__YOUR GOAL__. As an exercise, transcribe the data below in full and exactly, omitting pictures.

__INPUT DATA__.
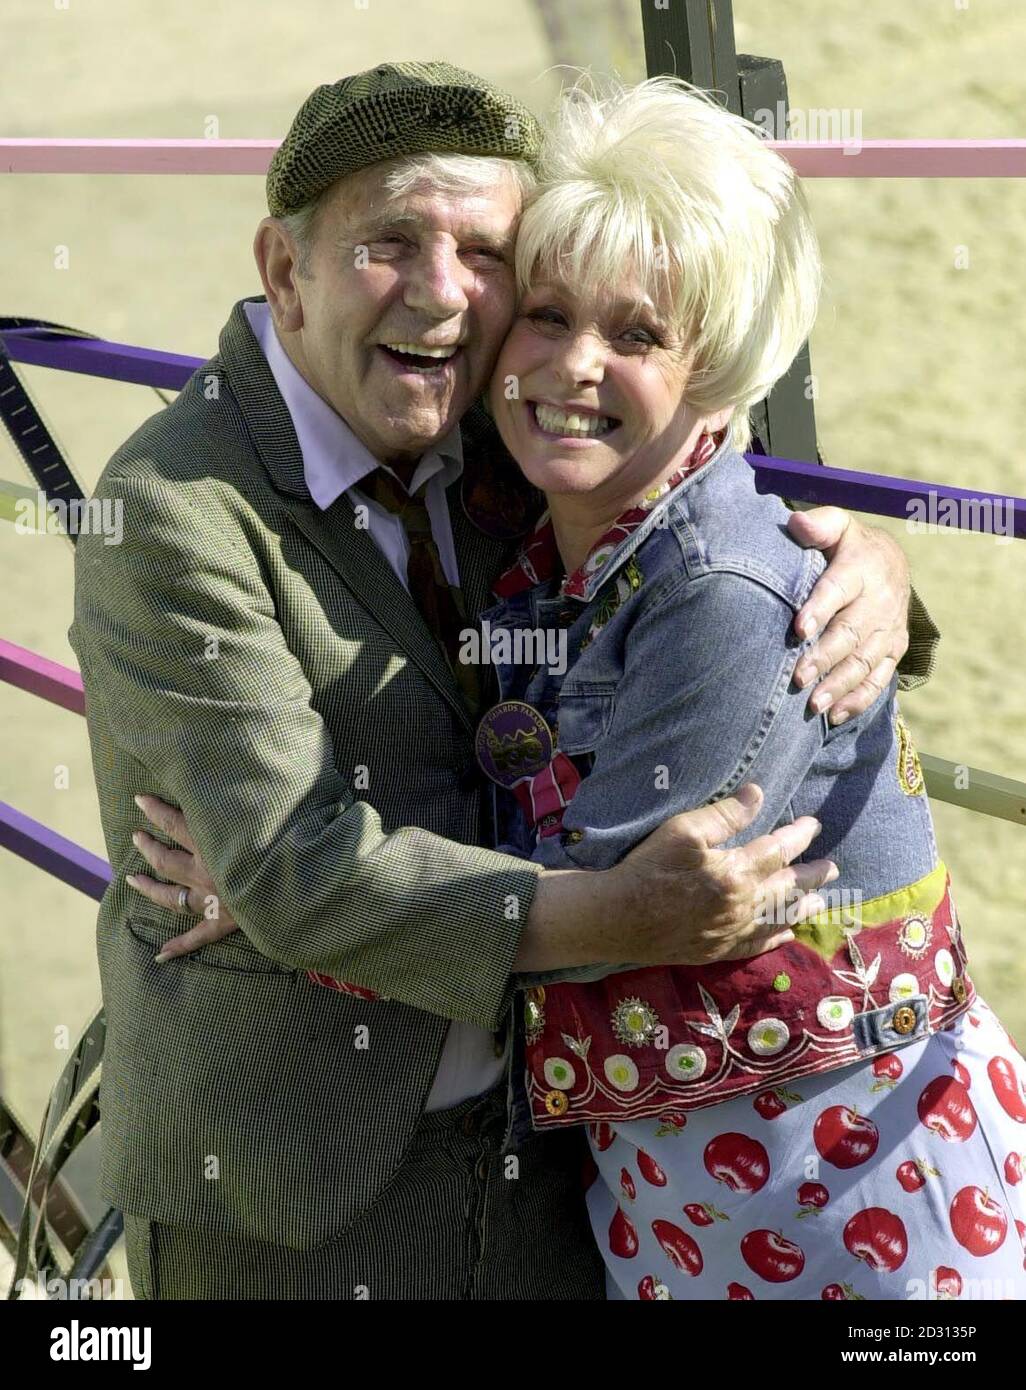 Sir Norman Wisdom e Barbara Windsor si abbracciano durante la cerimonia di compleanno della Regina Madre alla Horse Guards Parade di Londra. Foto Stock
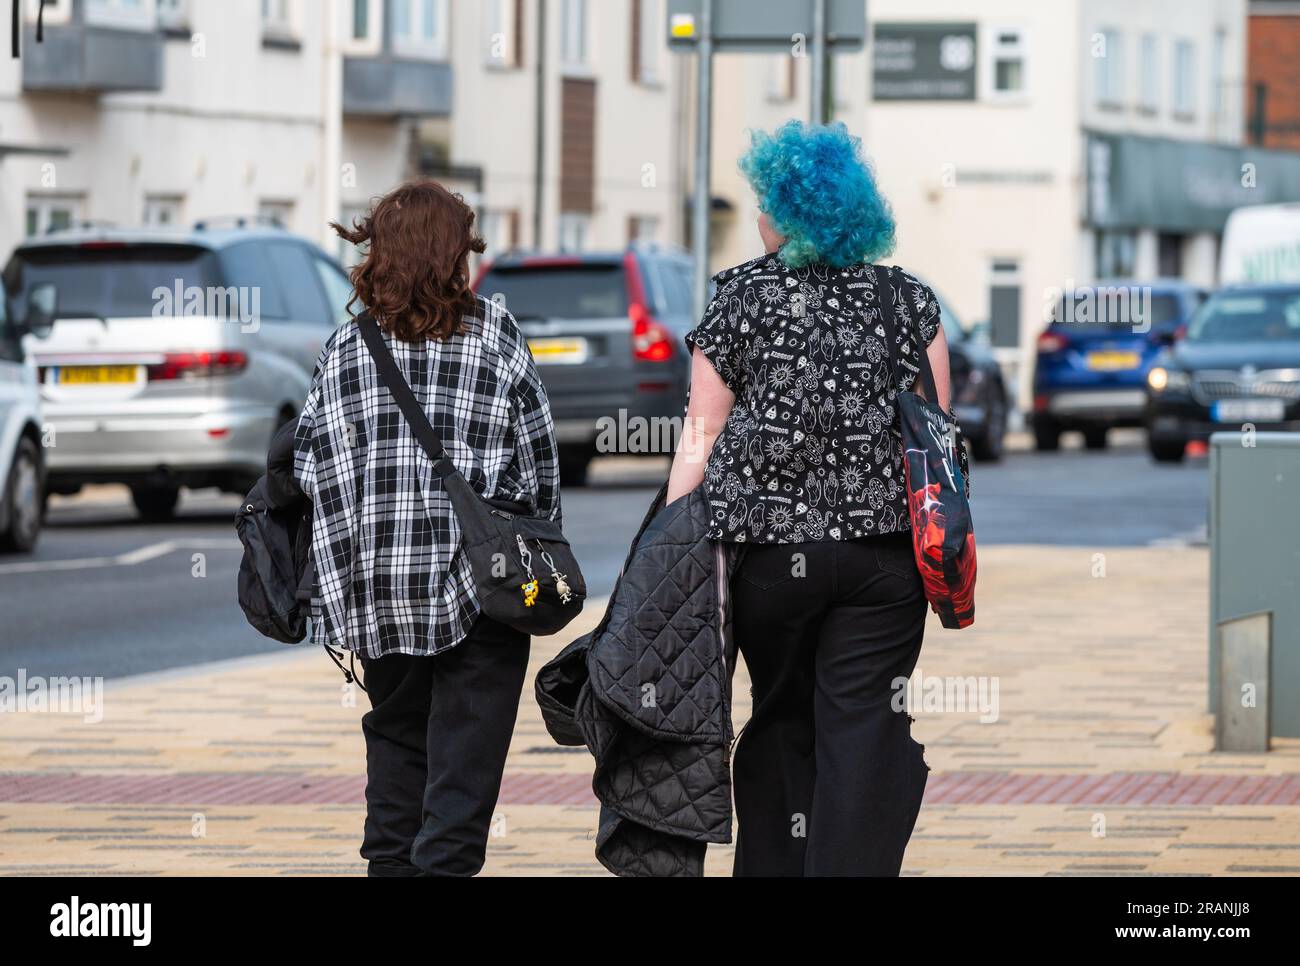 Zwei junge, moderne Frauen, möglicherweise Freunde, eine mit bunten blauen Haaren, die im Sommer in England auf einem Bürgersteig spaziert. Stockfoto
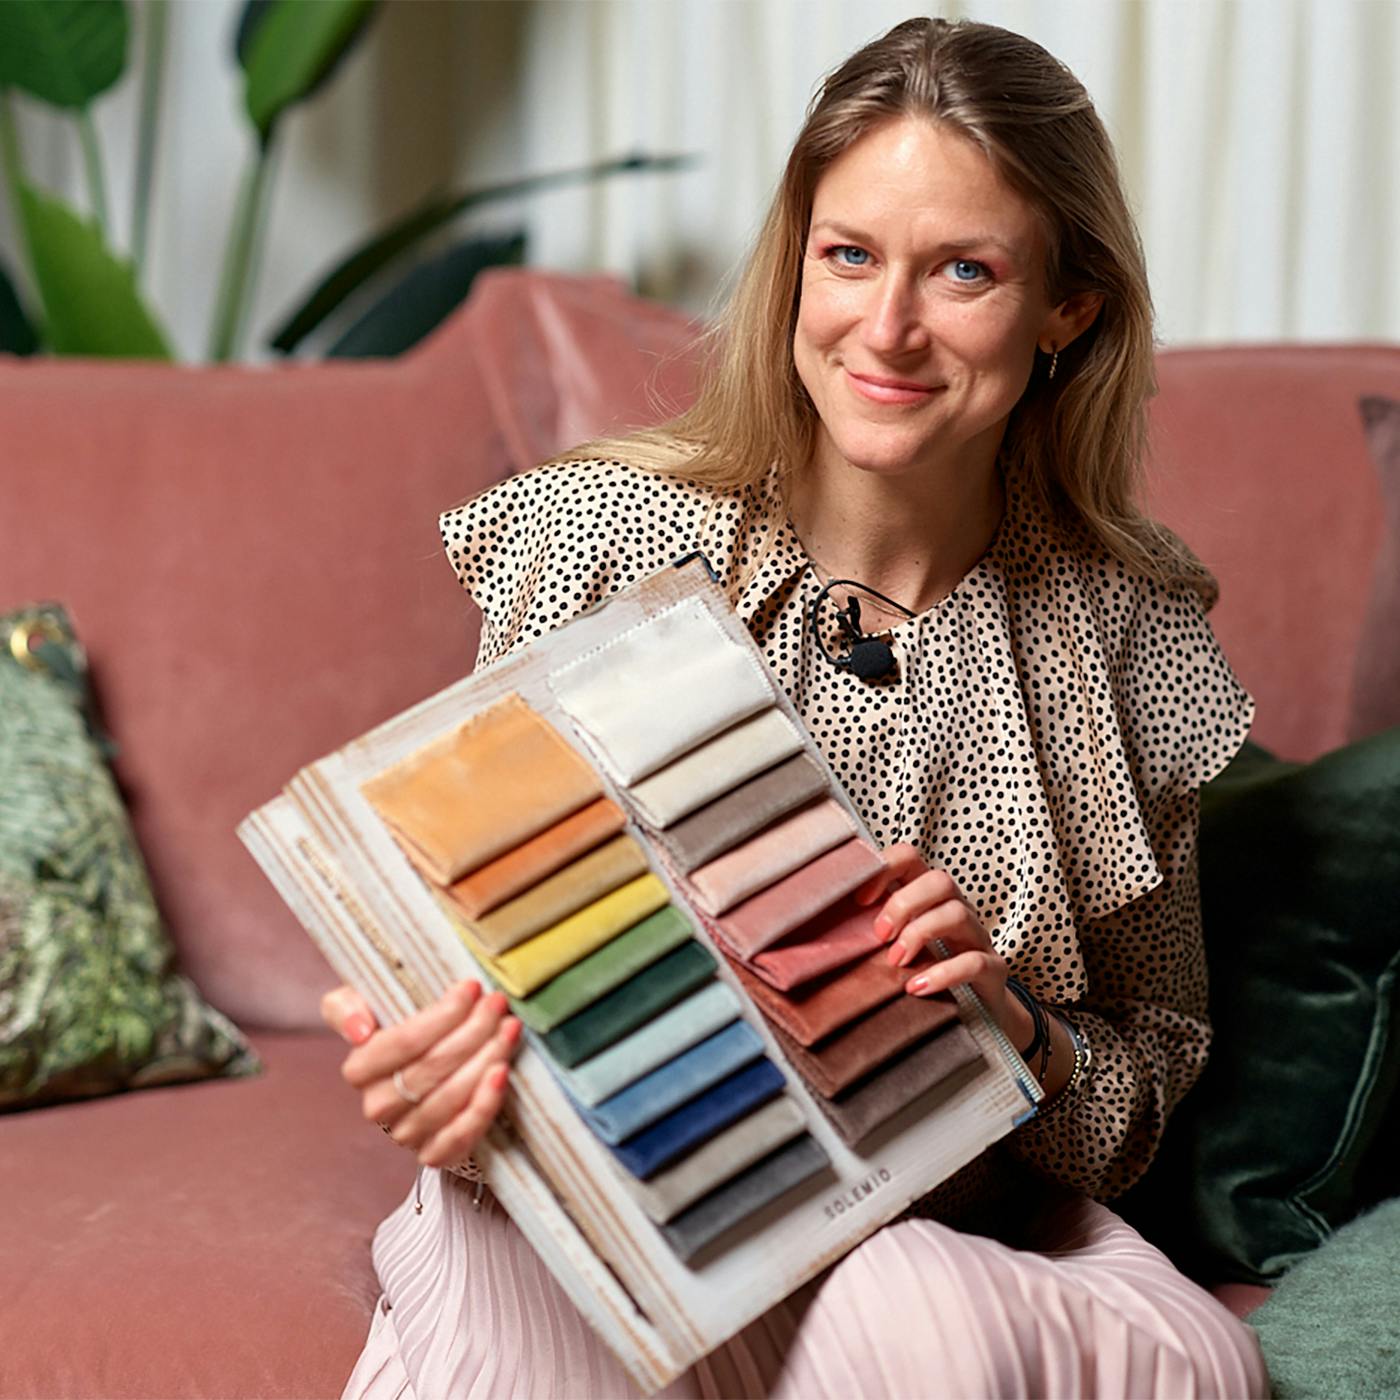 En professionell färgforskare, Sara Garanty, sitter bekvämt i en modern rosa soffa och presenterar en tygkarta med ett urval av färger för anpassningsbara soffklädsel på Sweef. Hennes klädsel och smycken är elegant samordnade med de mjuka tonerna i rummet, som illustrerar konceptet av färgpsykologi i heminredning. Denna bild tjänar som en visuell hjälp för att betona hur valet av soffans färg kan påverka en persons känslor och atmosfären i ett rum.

__WRITTEN ANSWER__.
 Sir Norman Wisdom e Barbara Windsor si abbracciano durante la cerimonia di compleanno della Regina Madre alla Horse Guards Parade di Londra. Foto Stock
 Zwei junge, moderne Frauen, möglicherweise Freunde, eine mit bunten blauen Haaren, die im Sommer in England auf einem Bürgersteig spaziert. Stockfoto
 En professionell färgforskare, Sara Garanty, sitter bekvämt i en modern rosa soffa och presenterar en tygkarta med ett urval av färger för anpassningsbara soffklädsel på Sweef. Hennes klädsel och smycken är elegant samordnade med de mjuka tonerna i rummet, som illustrerar konceptet av färgpsykologi i heminredning. Denna bild tjänar som en visuell hjälp för att betona hur valet av soffans färg kan påverka en persons känslor och atmosfären i ett rum.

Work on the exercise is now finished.